Tapeworm Infection in Dogs

What are tapeworms?

Tapeworms are flattened intestinal worms that are made up of many small segments, each about ¼ – ½ inch (3-5 mm) long. Unlike roundworms that live freely in the intestinal tract, tapeworms attach to the wall of the small intestine by hook-like mouthparts.

The most common tapeworm of dogs and cats is Dipylidium caninum. The adult worms may reach up to 8 inches (20 cm) in length. The individual segments are developed from the head end and gradually mature, finally being shed at the opposite end, either singly or in short chains. These segments are passed in the feces when the dog defecates. They are about 1/8” (3 mm) long and look like grains of rice or cucumber seeds. Occasionally they can be seen moving on the hairs around the anus or on freshly passed feces. As the tapeworm segment dries, it becomes a golden color and the fertilized eggs are released into the environment.

Unlike roundworms, dogs cannot become infected by eating fertilized tapeworm eggs. Tapeworms must first pass through an intermediate host, a flea, before they can infect a dog or cat.

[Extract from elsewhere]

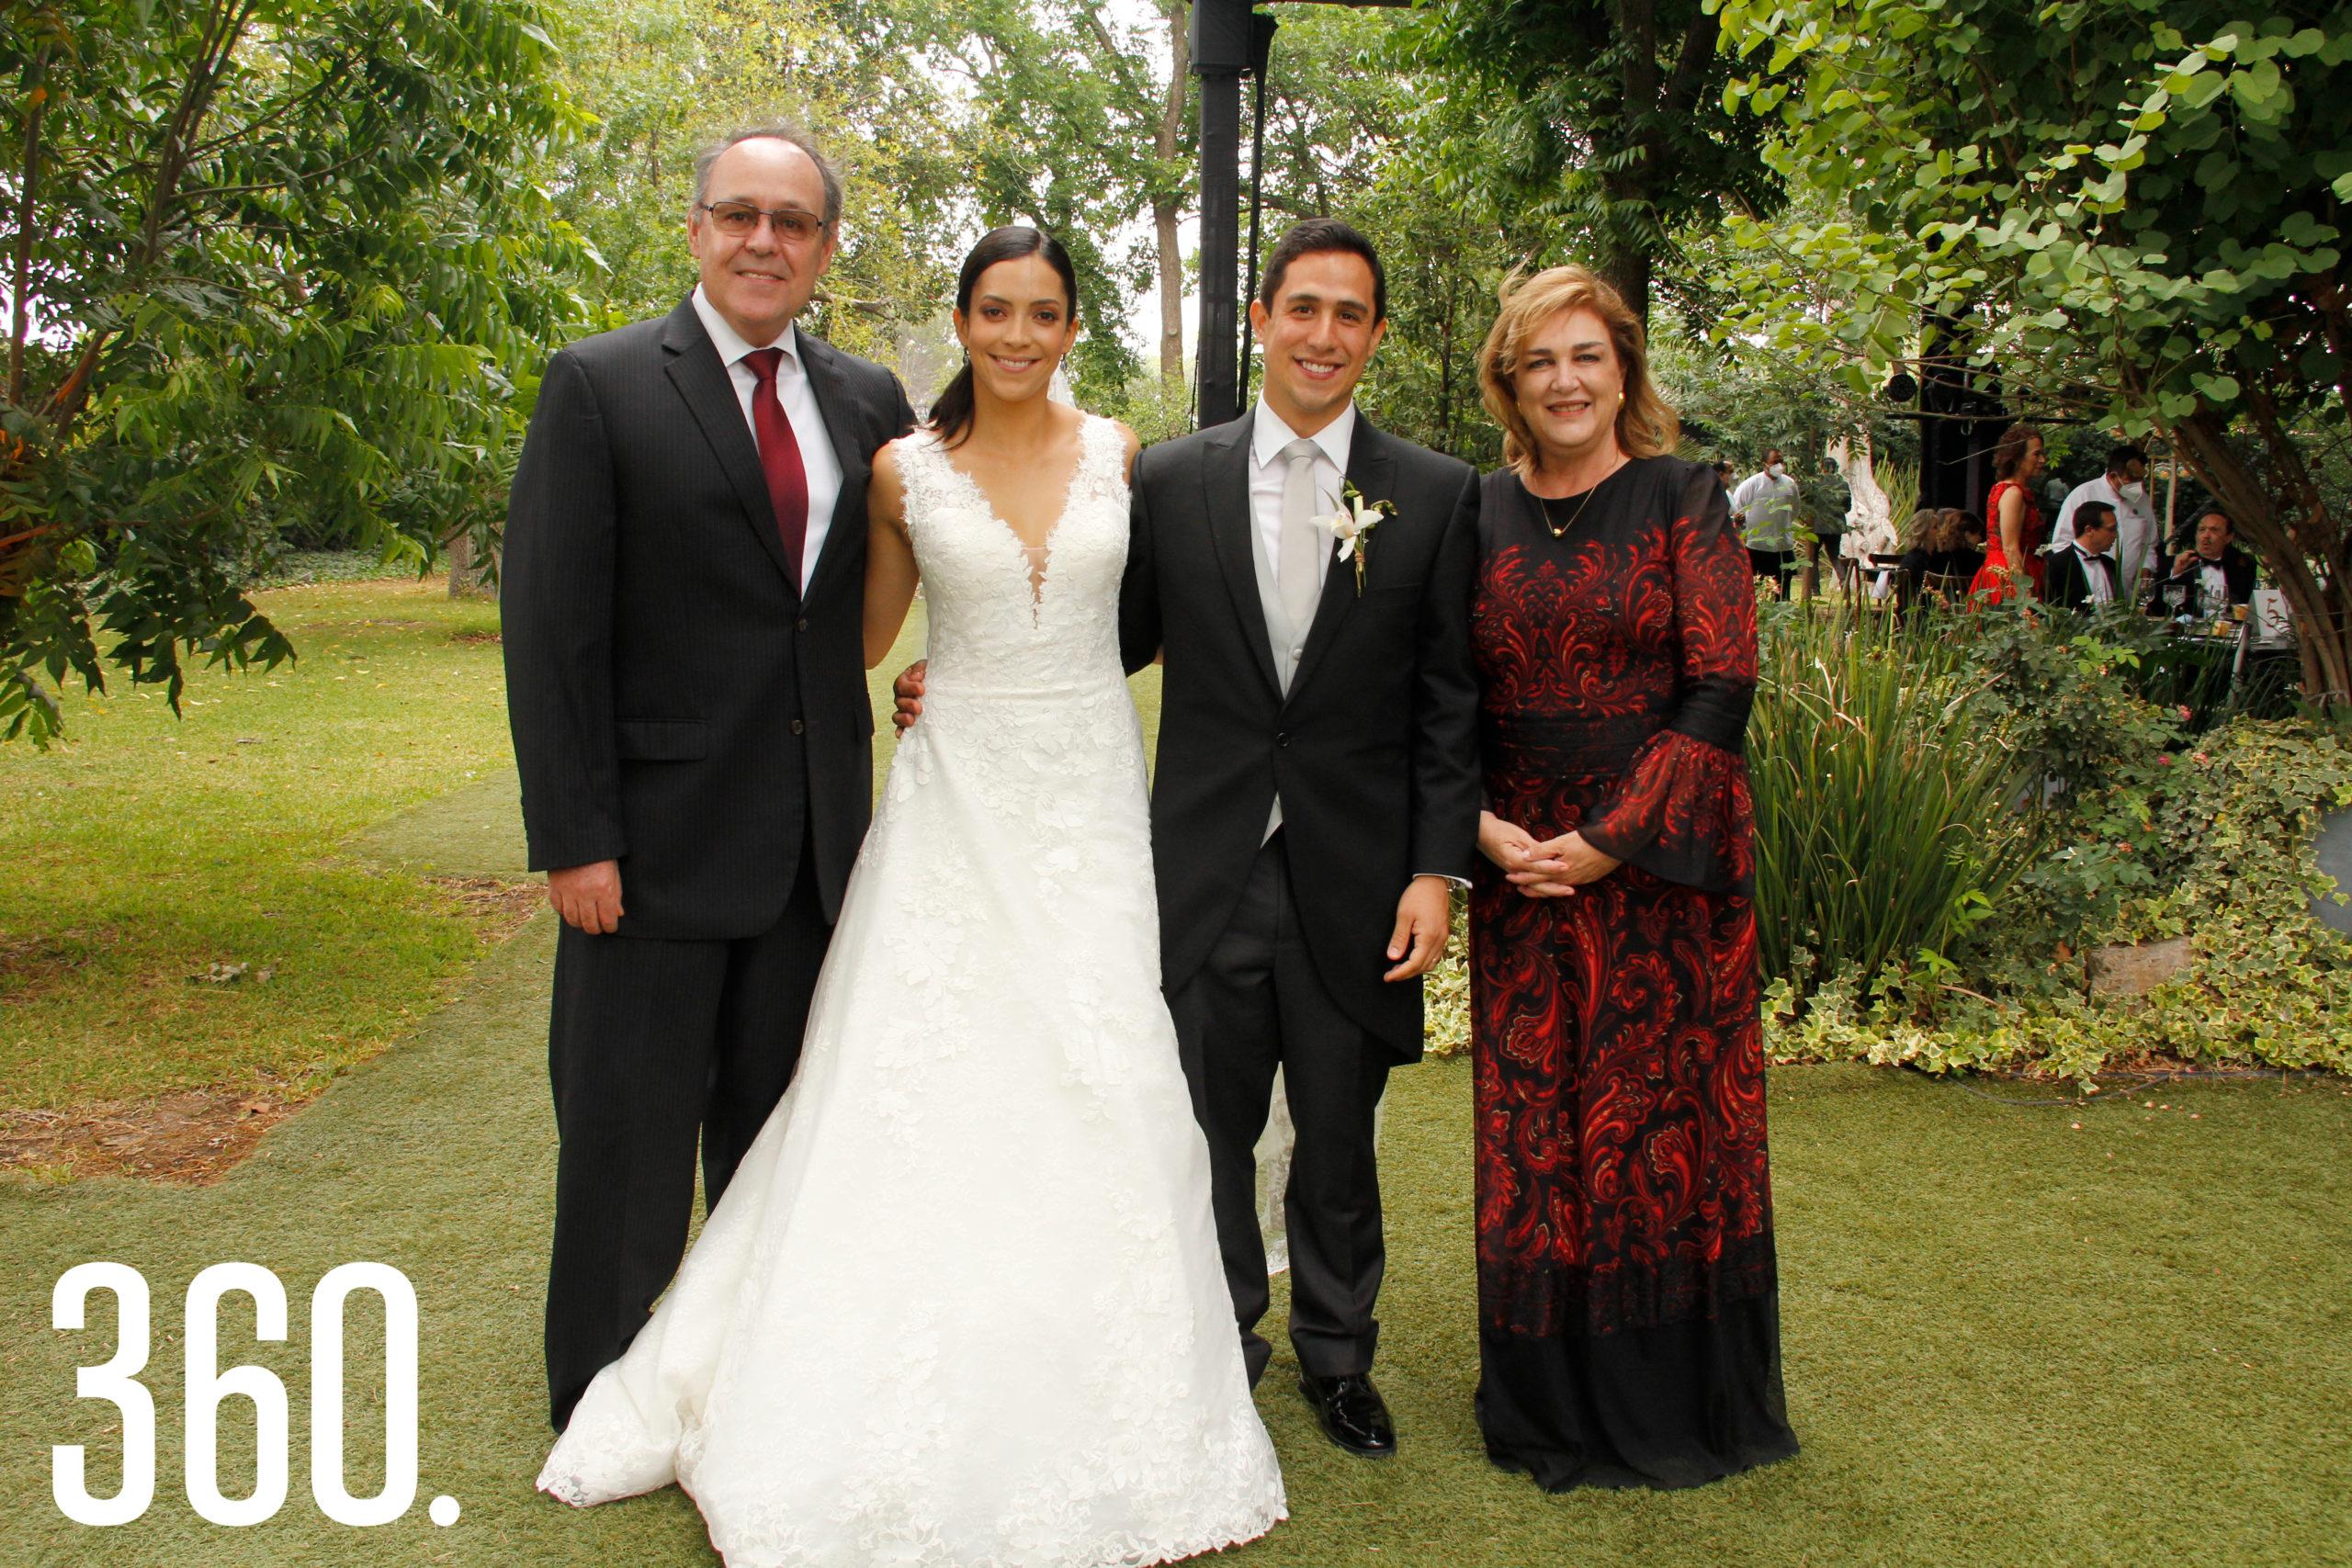 Arturo López y Raquel Torres con su ahijada Ana Paula Torres Flores y Juan Carlos Díaz Martínez.

How do dogs get tapeworms?

When the infected eggs are released into the environment, they have to be swallowed by immature flea larvae  in the environment. Once inside the larval stage of the flea, the tapeworm egg continues to develops into an infective tapeworm as the flea matures into an adult flea. During grooming or in response to a flea’s bite, the dog can ingest the flea carrying the infective tapeworm and the life cycle is completed.

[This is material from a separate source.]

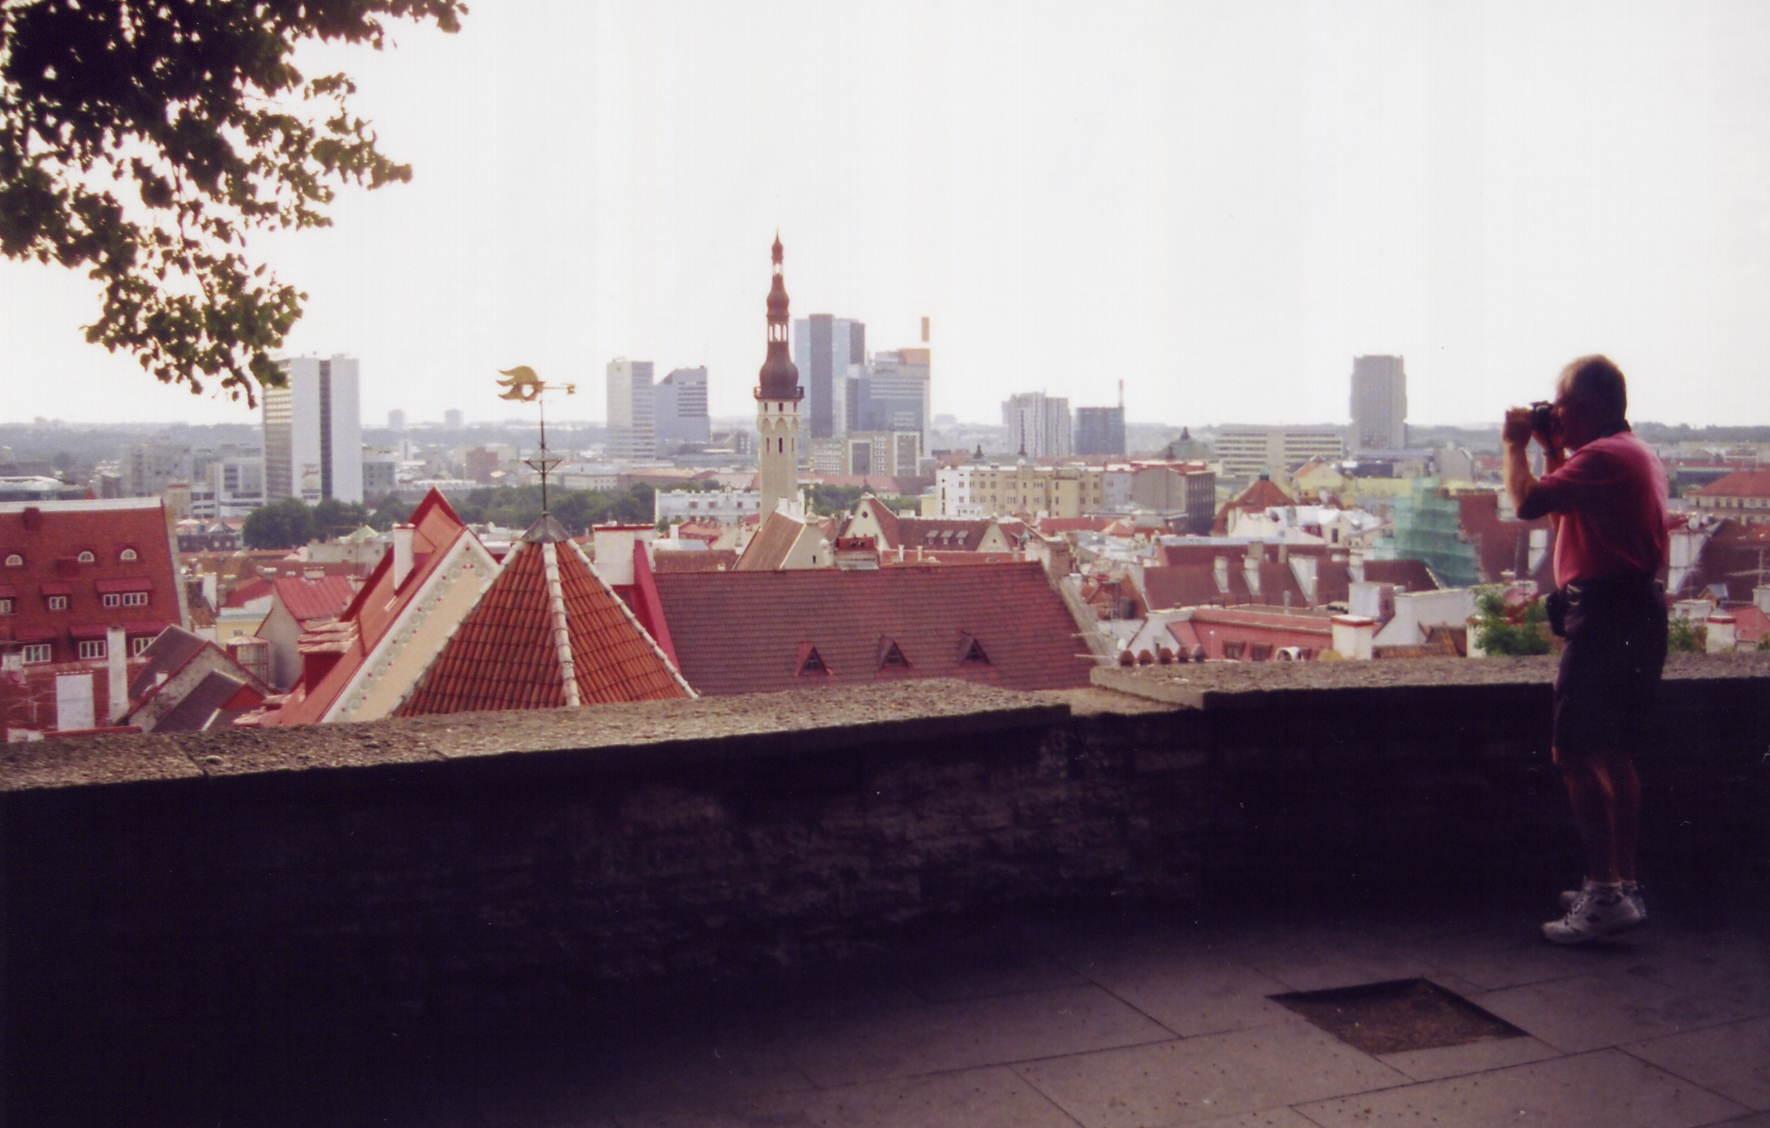 Tallinna väkiluku panoseuraa helsinki

Are tapeworms dangerous for my dog?

Tapeworms do not normally cause serious health problems in dogs. Occasionally dogs will drag their bottoms on the ground scooting in order to allay this irritation but this behavior can be for other reasons such as impacted anal sacs.

In puppies, heavy tapeworm infestation can be more serious. Lack of growth, anemia and intestinal blockage can occur. Occasionally, the head of the tapeworm or scolex detaches from the intestinal wall. The worm can then be passed either in the feces or vomited.

How is diagnosis made?

Clinical diagnosis is usually made by observing the white mobile tapeworm segments in the feces or crawling around the anus. They often look like grains of rice.

Tapeworm segments are only passed intermittently and therefore are often not diagnosed on routine fecal examination. If you find any segments, white or golden color, bring these to us for a definitive diagnosis.

What is the treatment?

With today’s drugs, treatment is safe, simple and effective. The parasiticide may be given either in the form of tablets or by injection. It causes the parasite to dissolve in the intestines so you normally will not see tapeworms passed in the stool.

These drugs are very safe and should not cause vomiting or diarrhea or other adverse side effects.

Is there anything else I should do?

Flea control is critical in the management and prevention of tapeworm infection. Flea control involves treatment of your dog and the environment. Your veterinarian can recommend safe and effective flea control for your pet. If your dog lives in a flea-infested environment, re-infection with tapeworms may occur in as little as two weeks. Since tapeworm medication is so effective, recurrent tapeworm infections are almost always due to re-infection from fleas and not failure of the product.

Can I get tapeworms from my dog?

Contracting tapeworms from your dog is not common or likely. Dipylidium caninum, the most common tapeworm of the dog, depends on the flea as the intermediate host. A person must swallow an infected flea to become infected. A few cases of tapeworm infection have been reported in children. Vigorous flea control  will also eliminate any risk of children in the environment becoming infected.

Although Dipylidium species are the most common tapeworms in dogs, other Cestodes are also important in certain areas.

Taenia species – These are tapeworms are acquired by eating prey or waste containing the infective larval stage. These are much larger tapeworms, often up to one yard (one meter) in length. Intermediate hosts include rodents, rabbits, hares and sheep. The intermediate stages develop hyadatid cysts in various organs. We have excellent treatment for Taenia infections in dogs.

Echinococcus species – By contrast, these are very small tapeworms. They consist of only three or four segments and are usually less than 3/8” (1 cm) in length. Intermediate hosts can be sheep, horses and occasionally man. Infection is by ingesting eggs that have originated from the feces of dogs or foxes harboring the adult tapeworm. Fortunately de-worming preparations, particularly those containing praziquantel are effective for eliminating the Cestode from the dog.

Control measures to prevent tapeworm infection from Cestodes involve avoidance of uncooked or partially cooked meat or waste.